WHAT YOU SHOULD DO
Would you please output, word for word, the span of the listing below that opens on the line containing "Caravan-Facts-Advertising-Reviews-Pricing" and closes on the line containing "New Mausoleum Expression of Interest"? Include both ends and nothing more.

RECORDS FOR THIS EXERCISE
________________________
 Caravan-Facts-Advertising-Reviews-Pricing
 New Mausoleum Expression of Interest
________________________
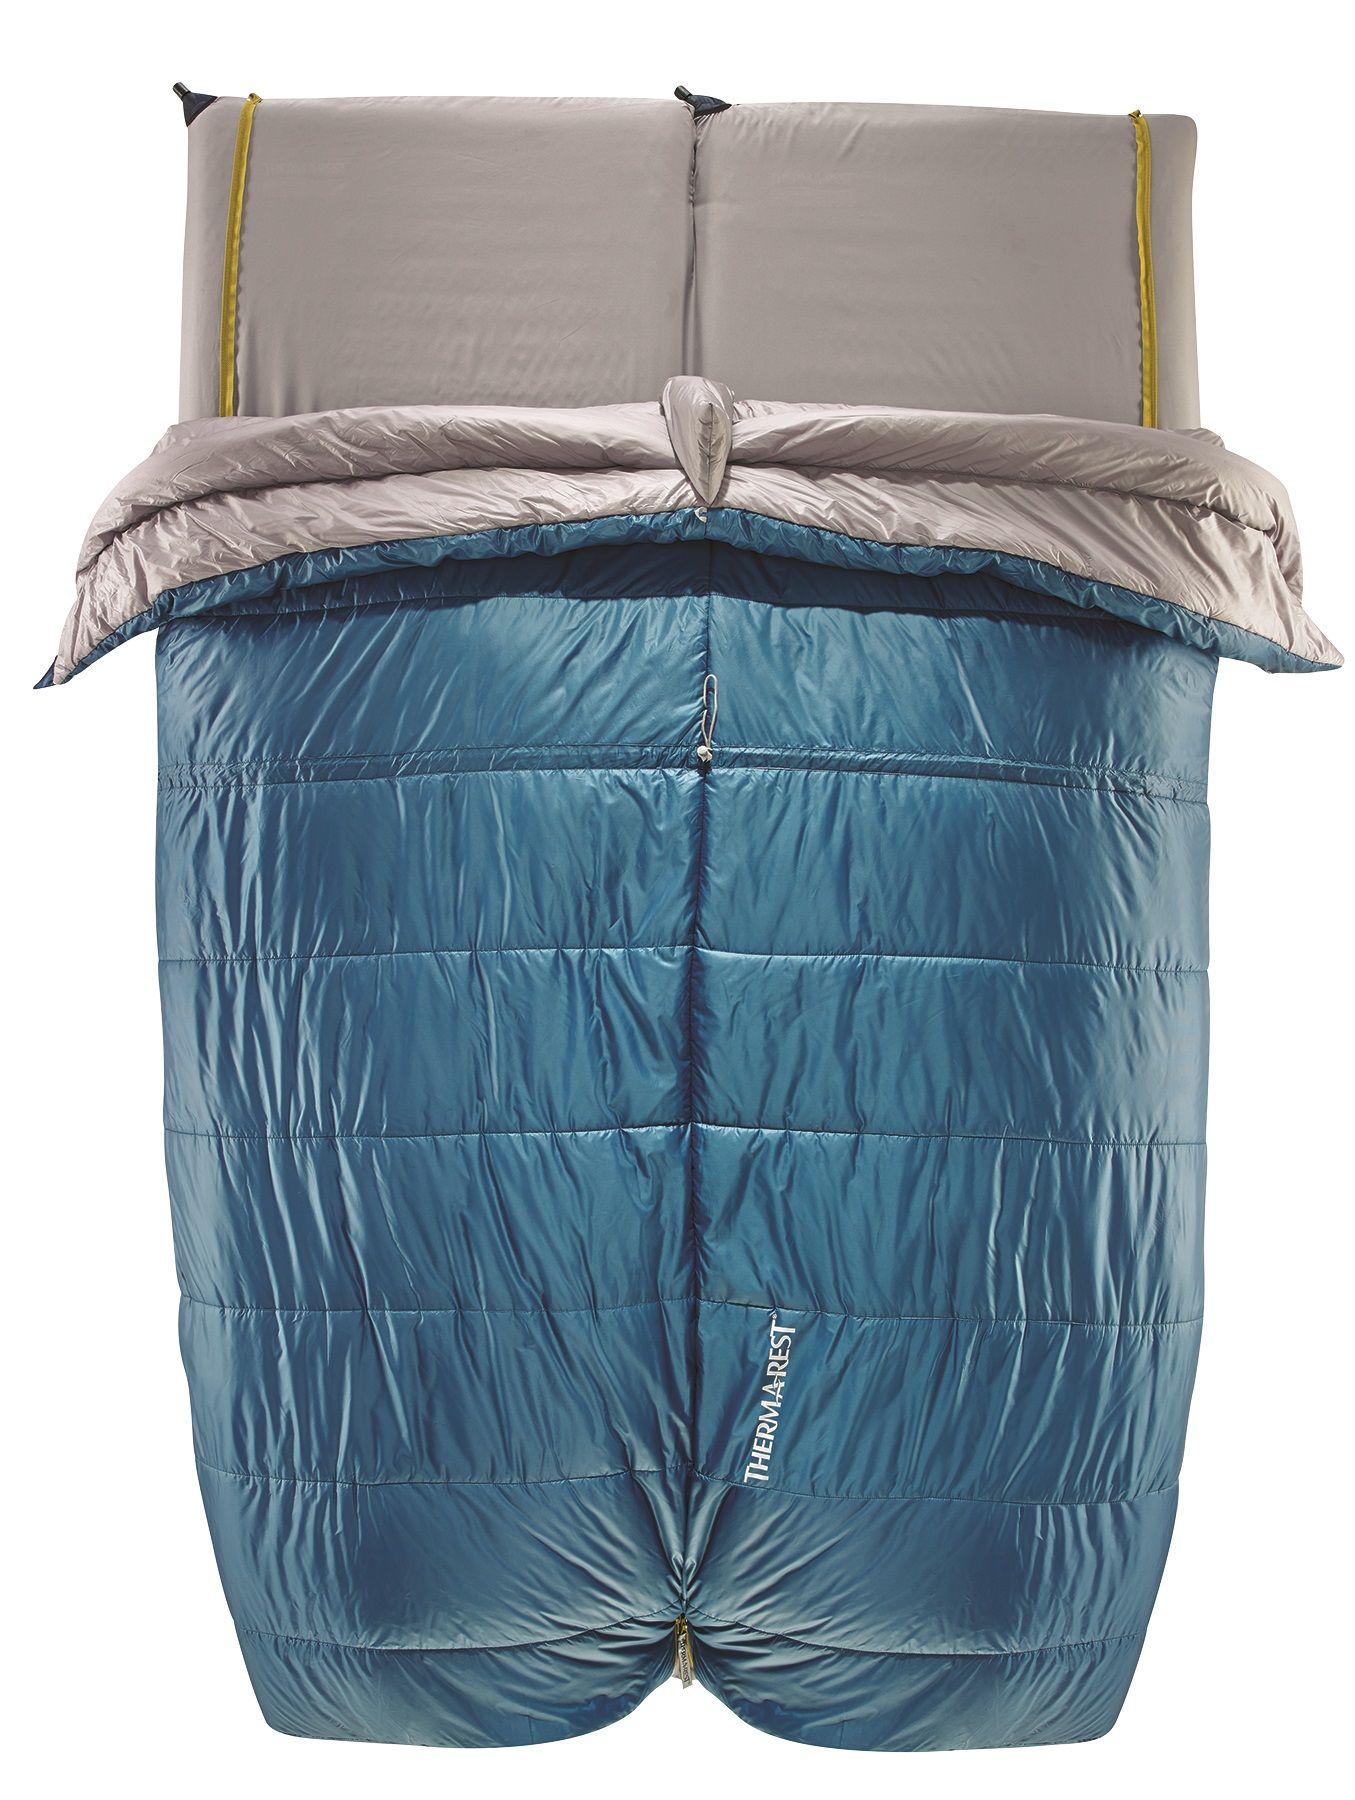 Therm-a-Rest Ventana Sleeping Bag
________________________
ANSWER TO THE EXERCISE
 Caravan-Facts-Advertising-Reviews-Pricing
 New Mausoleum Expression of Interest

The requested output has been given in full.